1915年1月18日、船は氷に囲まれてしまった。数日間の内にエンデュアランスは氷に固く囲まれ、次の冬までそのままになりそうなことが明らかになった[25]。氷に囲まれたまま、船は西に漂流を始め、遠征隊は越冬体制に入った。当初の計画では、陸上部隊を南極大陸に残し、一方ワースリーがエンデュアランスを北に移動させるはずだった。長期間にわたって遠征隊全員が船の上で生活するとは予想だにしていなかった[26]。ワースリーは挑戦を好んだ。真冬であっても客室ではなく廊下で眠り、氷の上で雪の風呂に浸かることで船上の隊員を驚かせた[27]エンデュアランスが氷に捕まってからやることがなくなったので、大洋の深さを測り、標本を集めることに没頭した。後には『生物学、測深および磁気の記録、ウェッデル海、1914年-1916年』と題する報告書を書いた[28]

7月までに、氷がエンデュアランスを潰してしまいそうに思えるようになった。エンデュアランスは氷の圧力で軋み、震えていた。シャクルトンはワースリーに、必要な場合には直ぐにも船を捨てる準備をするよう指示を出した[29]。ワースリーは当初半信半疑であり、シャクルトンに「貴方は真剣に船が無くなると私に告げようとしているのか?」と尋ねた。シャクルトンは「船長、この船は生き残れないよ」と答えた[30]。最終的に10月24日、氷の圧力でエンデュアランスの船尾ポストが捻じれ、船は直ぐに傾き始めた。水漏れを止め、水を掻い出す懸命の努力が行われたが、シャクルトンは3日後に船を捨てる命令を出した[31]。隊員は生存のための物資を降ろし、10月30日に200マイル (320 km) 北東のロバートソン島に向かうべく氷に降り立った。その3日後には、氷の表面が粗すぎて、橇で移動するには向かないことが分かった[32]エンデュアランスが沈んだ所から僅か1.5マイル (2.4 km) 進んだだけで、遠征隊は氷が割れるのを待つために宿営を張ることに決めた。潰れたエンデュアランスはまだ完全に沈んではおらず、そこから木材やテントを運び出して、オーシャン・キャンプと呼んだ間に合わせのキャンプが設営された[33]。遠征隊は12月23日まで2か月間そこに留まってからキャンプを打ち上げた[34]

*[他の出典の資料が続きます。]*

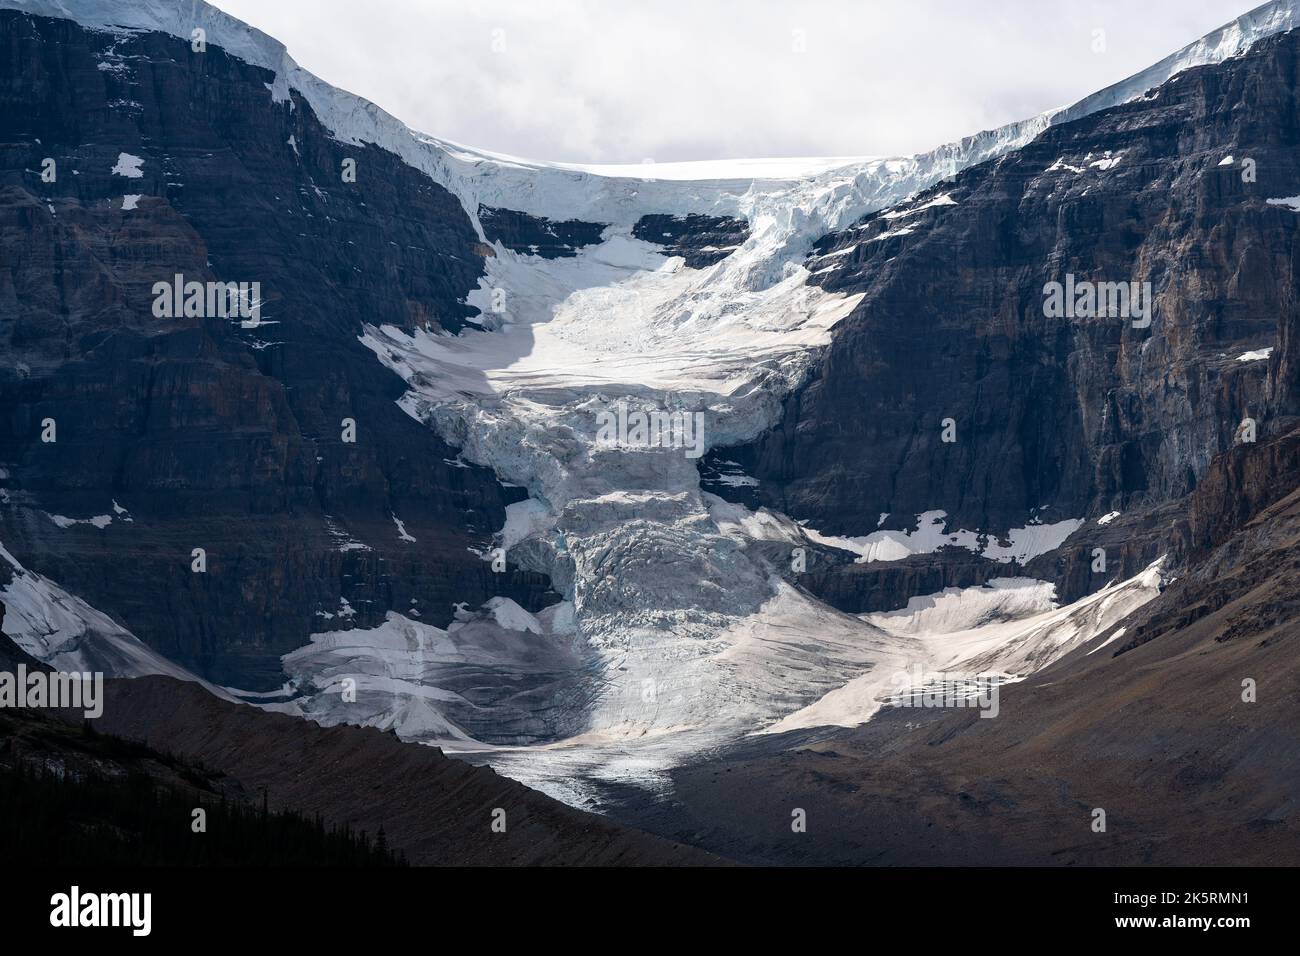 Snow dome glacier with Columbia Icefield on top, Jasper national park, Alberta, Canada. Stock Photo
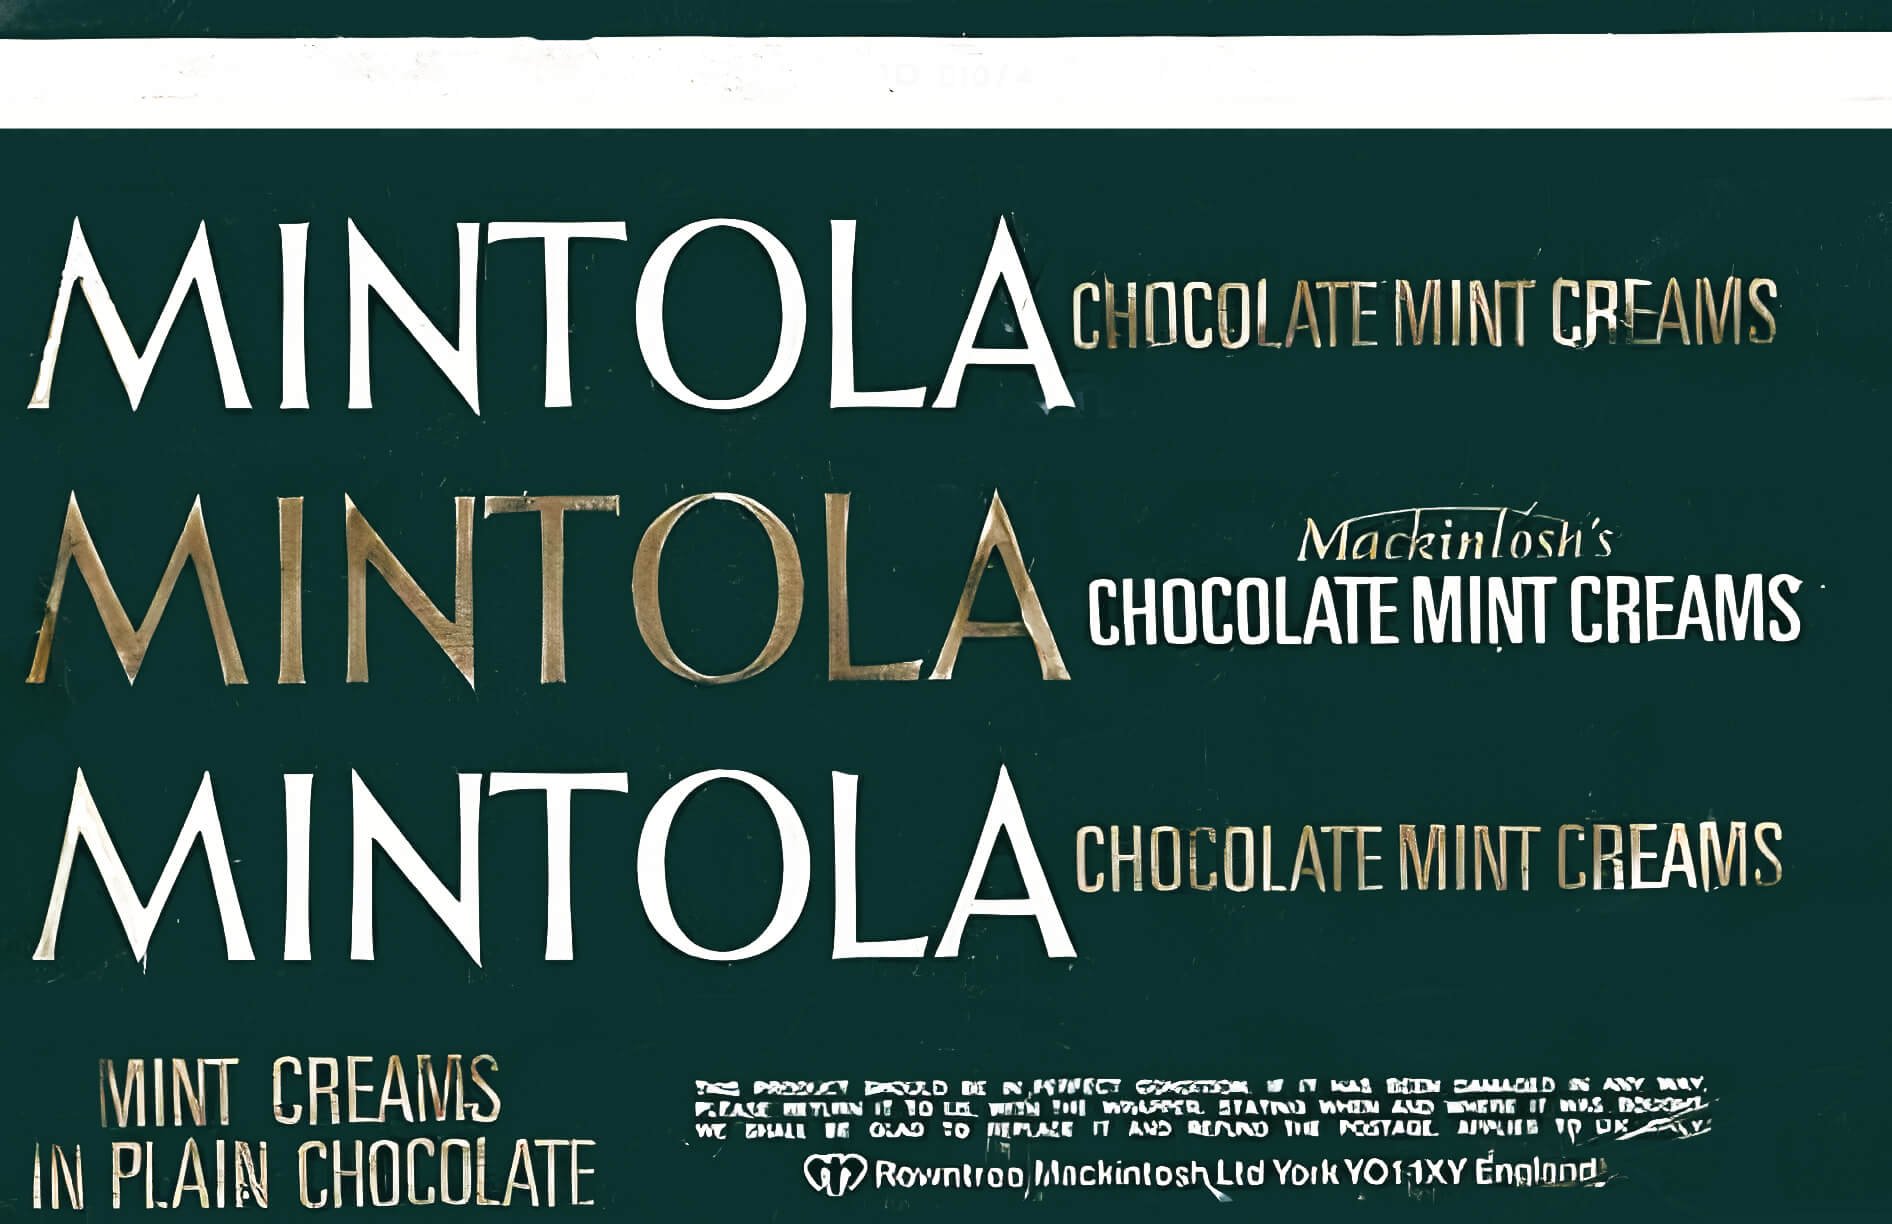 Mintola Mint Creams wrapper from the 1980s, dark green with white and gold text

Outline map showing Weddell Sea, Elephant Island and South Georgia with parts of the landmasses of Antarctica and South America. A line indicates the path of the voyage from Elephant Island to South Georgia.
ジェイムズ・ケアード号がエレファント島まで進んだ経路(緑線)とその後サウスジョージア島まで進んだ経路(青線)

当時温度が上がっていたので足元の状態は軟かだった。シャクルトンは夜間に移動を行うこととし、エンデュアランスの救命ボート3隻を後ろに引き摺っていた。この引き摺り作業は大変な労働であり、シャクルトンと隊員は1週間強努力した後で、再度キャンプを張ることを強いられた[35]。足元の氷は耐えず北に漂流していた。1916年4月までにエレファント島を視認できるまで近づいていたが、氷の割れが始まっていた。シャクルトンは救命ボートへの乗船を命じた。ワースリーはその1隻ダドリー・ドッカーを任された[36]。氷と潮流が進行を妨げたのでエレファント島までは1週間を要して辿り着いた[37]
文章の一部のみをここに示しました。